J. Grahame Clark, speaking of the contributions made by the Indians of North and South America to the Old World, has this to say: ("New World Origins," Antiquity, 14(54), June, 1940, 118)



"Baron Nordenskiold, unlike some European theorizers, who found it difficult to credit the aborigines with the ability to raise their own civilization independently of the Old World inspiration, had spent many long and arduous years in the field of South American archaeology, and his conclusions carried with them outstanding authority.

In addition to many technical inventions he attributed to the American Indian the achievement of domesticating the animal and plant life of his habitat so effectively that, during the four centuries since the Discovery, the White Man had failed to make a single contribution of importance.

The native fauna gave poor scope, but from it he domesticated the llama, alpaca, guinea-pig, and turkey.
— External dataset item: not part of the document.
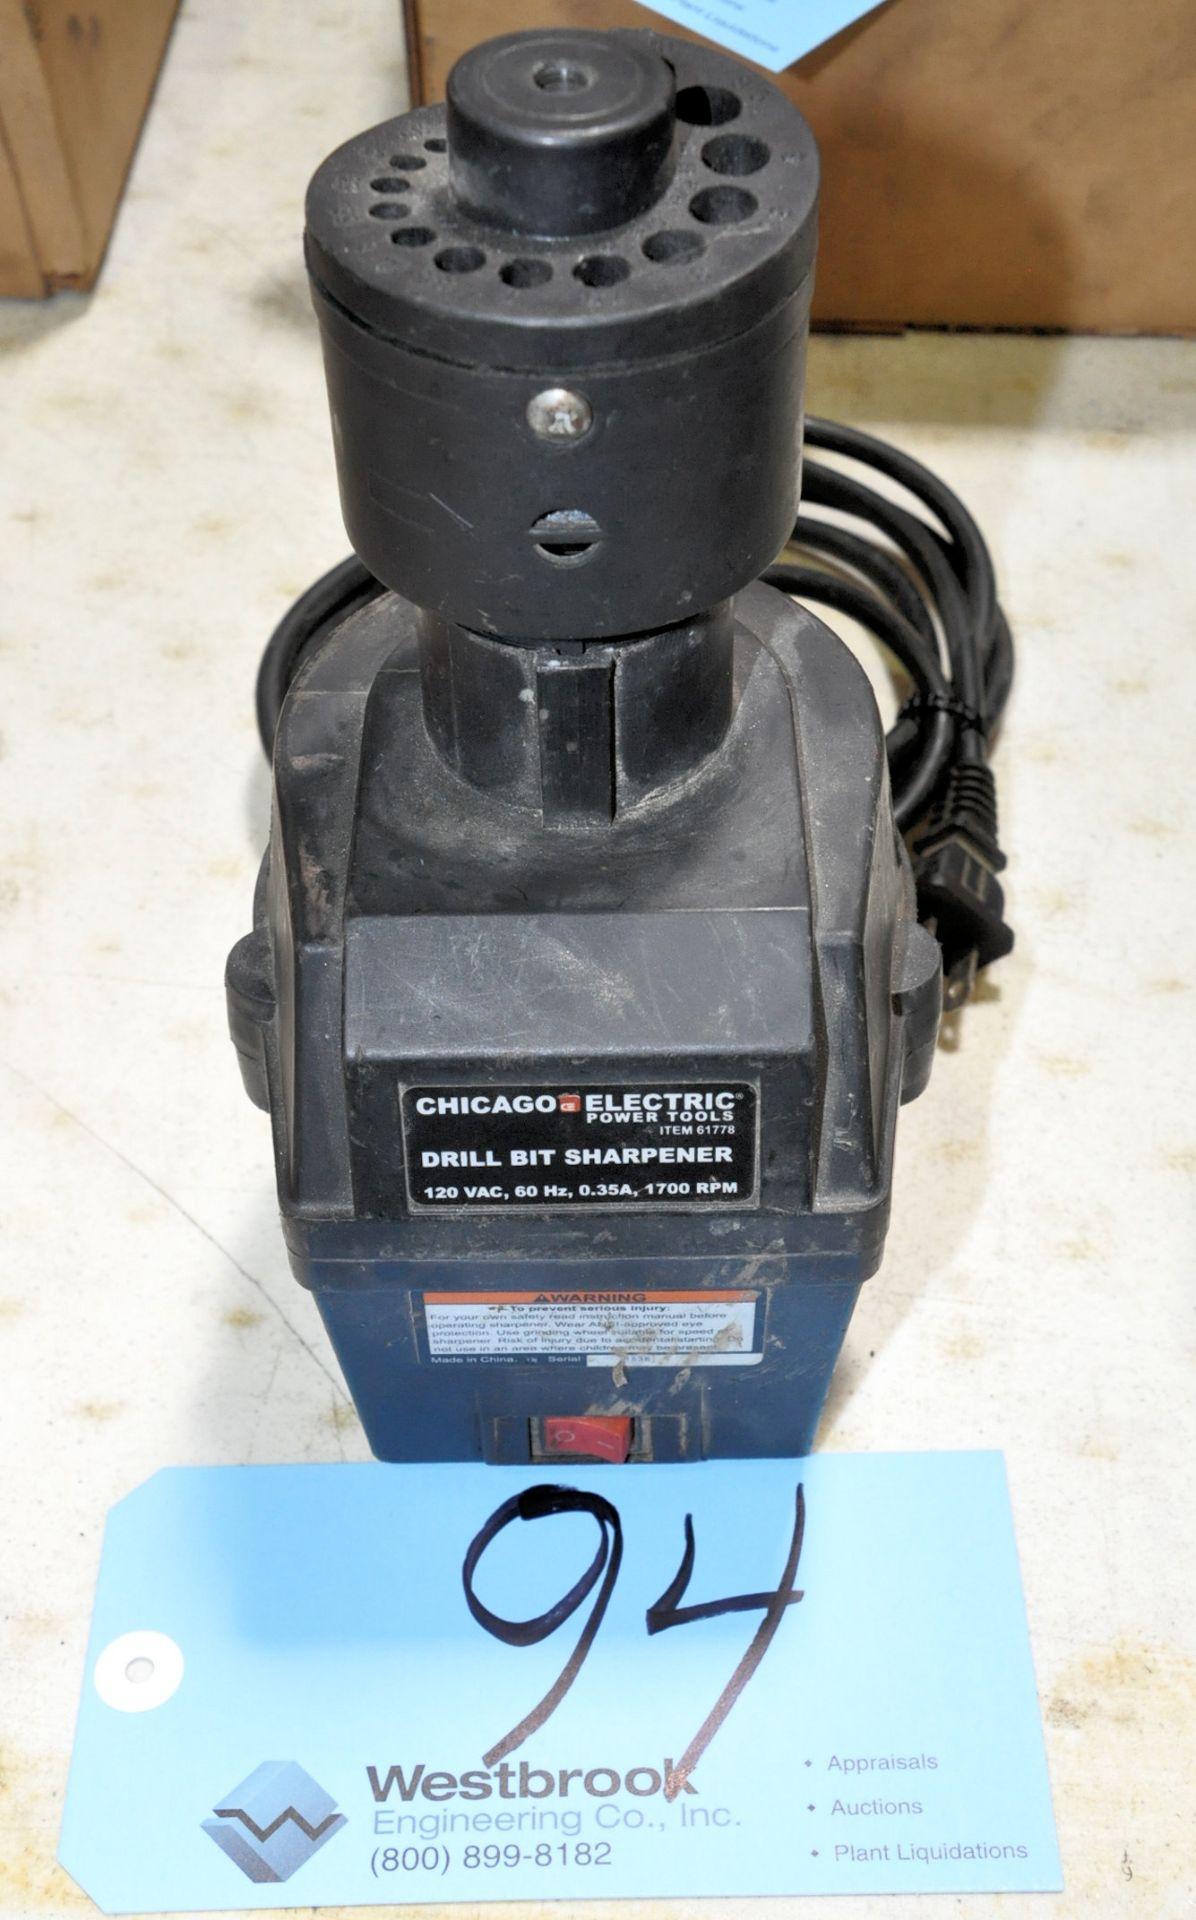 Lot 94 - Chicago Electric Drill Bit Sharpener

Of plants he domesticated hundreds..."





Matthew Stirling, Chief of the American Bureau of Ethnology at the time of this writing, makes the following observation: ("America's First Settlers, the Indians," National Geographic Magazine, November, 1937, 592)



"Among the plants developed by these ancient botanists are maize, beans (kidney and lima), potatoes, and sweet potatoes, now four of the leading foods of the world.

Manioc, extensively cultivated by the natives of tropical America is now the staff of life for millions of people living in the equatorial belt. Other important items, such as peanuts, squash, chocolate, peppers, tomatoes, pineapples and avocados might be added.

In addition, the Indian was the discoverer of quinine, ****, tobacco, and rubber, useful commodities of modern times. Maize or Indian corn was one of the most useful contributions of the American Indian to mankind. Over a considerable portion of the Americas, it is the staff of life."






Kenneth Macgowan adds to this list,

the custard apple,

strawberry,

vanilla bean,

chickle, and

cascara, besides a number of others less familiar.


(Early Man in the New World, New York, NY, Macmillan, 1950, 199.)




His whole list of important plants made up by the Indian's agriculture is impressive, as he says, for it contains fifty items, not one of which is an Old World species! Every one of them can be cultivated
with a hoe, requiring no draft animals whatever.

He also mentions one other accomplishment which is very difficult to account for: The Indian devised a method of extracting a deadly poison (cyanide) from an otherwise useless plant, manioc, without losing the valuable starch it contained. Macgowan says that Henry J. Bruman called this "one of the outstanding accomplishments of the American Indian." The remarkable thing about it is that they should ever have thought of making use of a plant which, as they found it, contained a deadly poison.